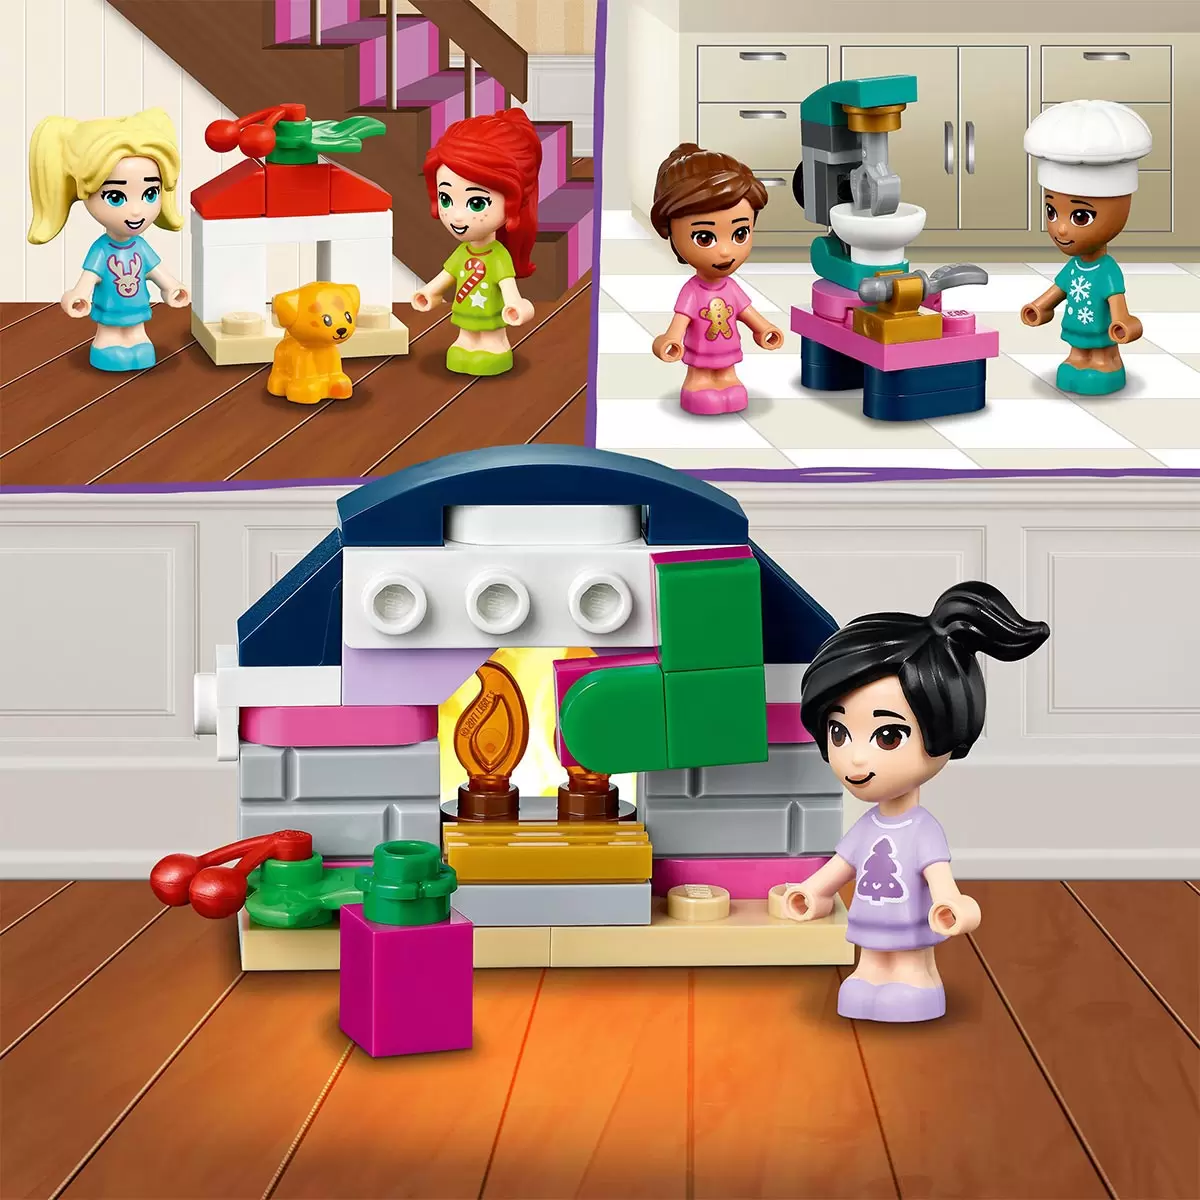 Buy LEGO Friends Advent Calendar Features2 Image at Costco.co.uk
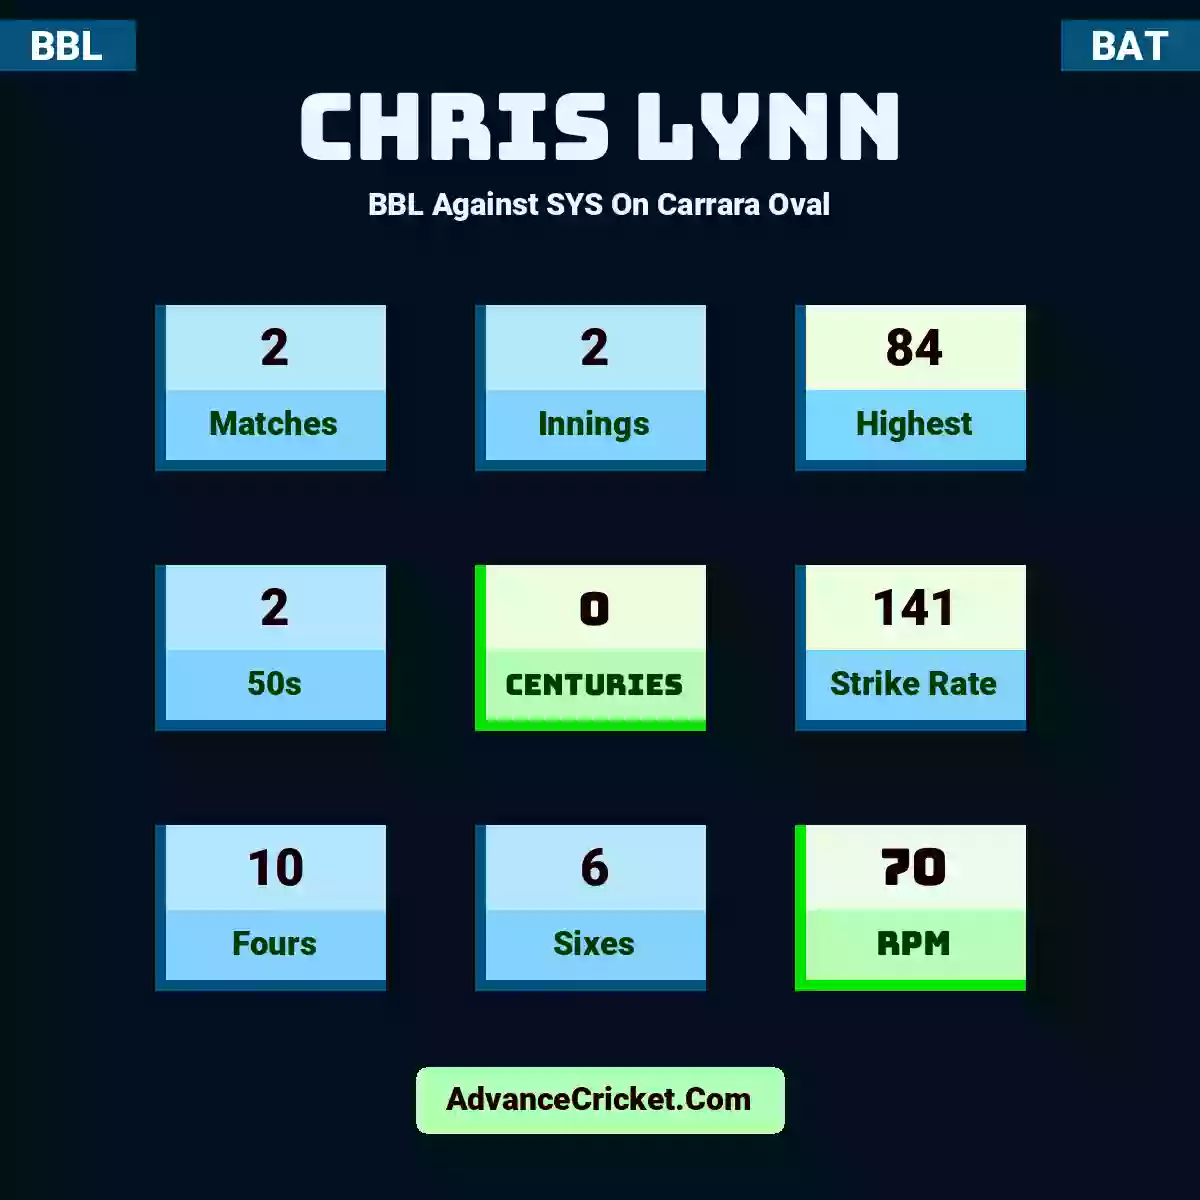 Chris Lynn BBL  Against SYS On Carrara Oval, Chris Lynn played 2 matches, scored 84 runs as highest, 2 half-centuries, and 0 centuries, with a strike rate of 141. C.Lynn hit 10 fours and 6 sixes, with an RPM of 70.
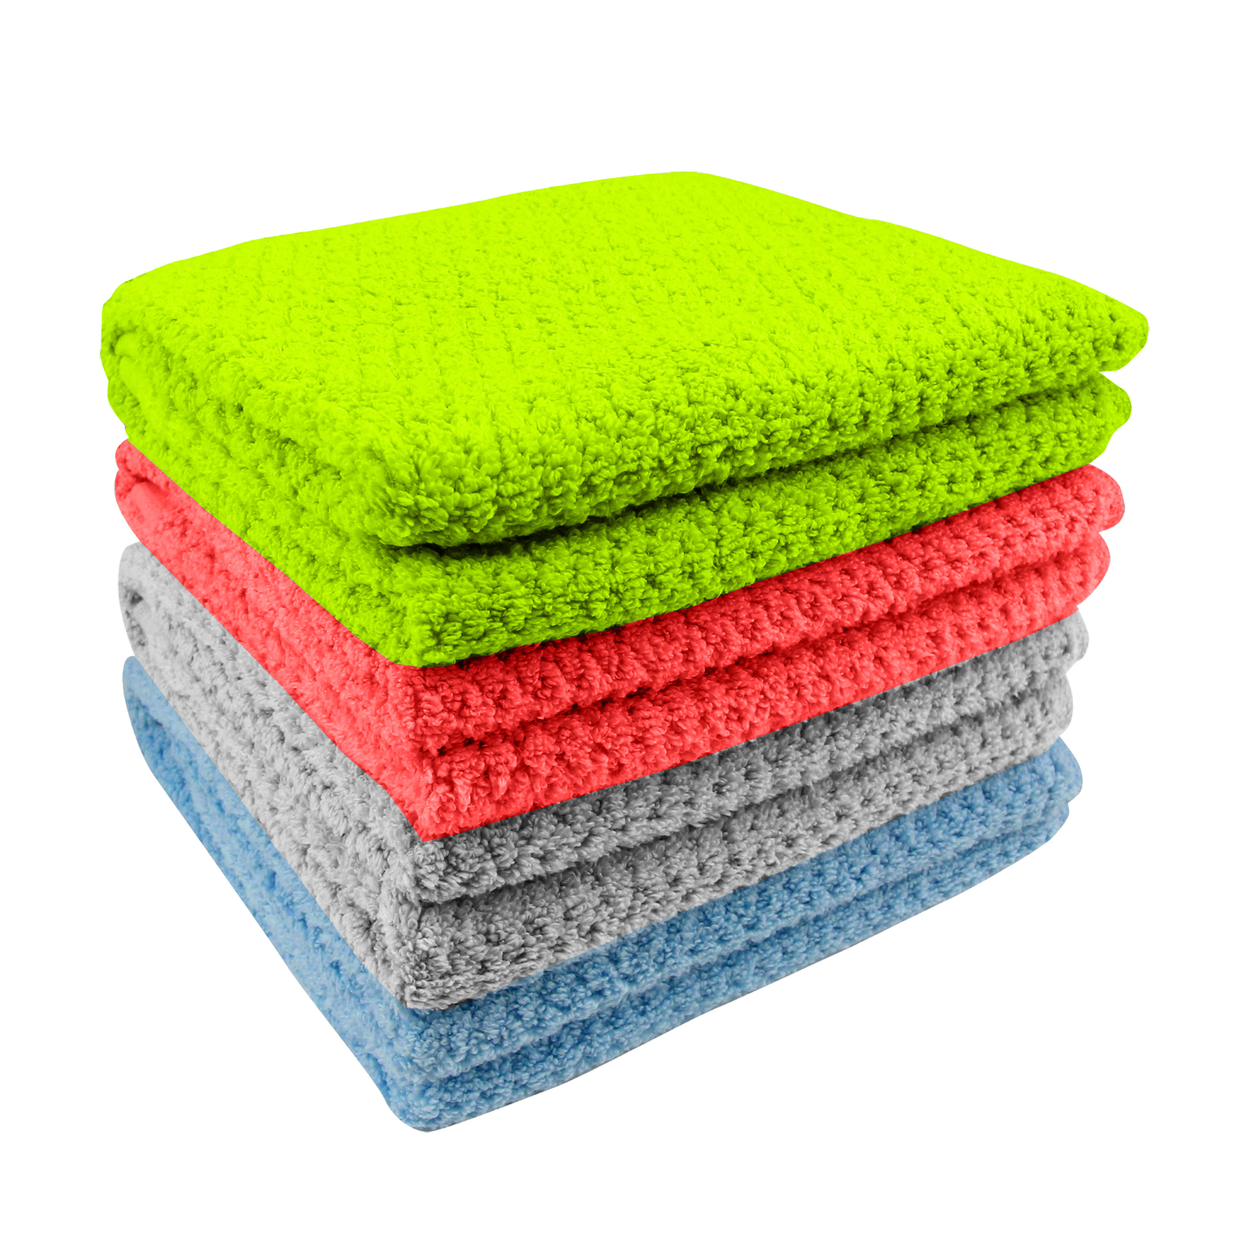 3-Pack: Ultra-Soft Popcorn Textured Weaved 100% Cotton Quick Dry Absorbent Bath Spa Towels

━━━━━━━━━━━━━━━━

=== Problem requirements ===
Line by line, reproduce exactly the lines from the one containing "Chris Lynn BBL" through the final line of the material, both included, leaving every picture out.

=== Result for this task ===
 Chris Lynn BBL  Against SYS On Carrara Oval, Chris Lynn played 2 matches, scored 84 runs as highest, 2 half-centuries, and 0 centuries, with a strike rate of 141. C.Lynn hit 10 fours and 6 sixes, with an RPM of 70.
 3-Pack: Ultra-Soft Popcorn Textured Weaved 100% Cotton Quick Dry Absorbent Bath Spa Towels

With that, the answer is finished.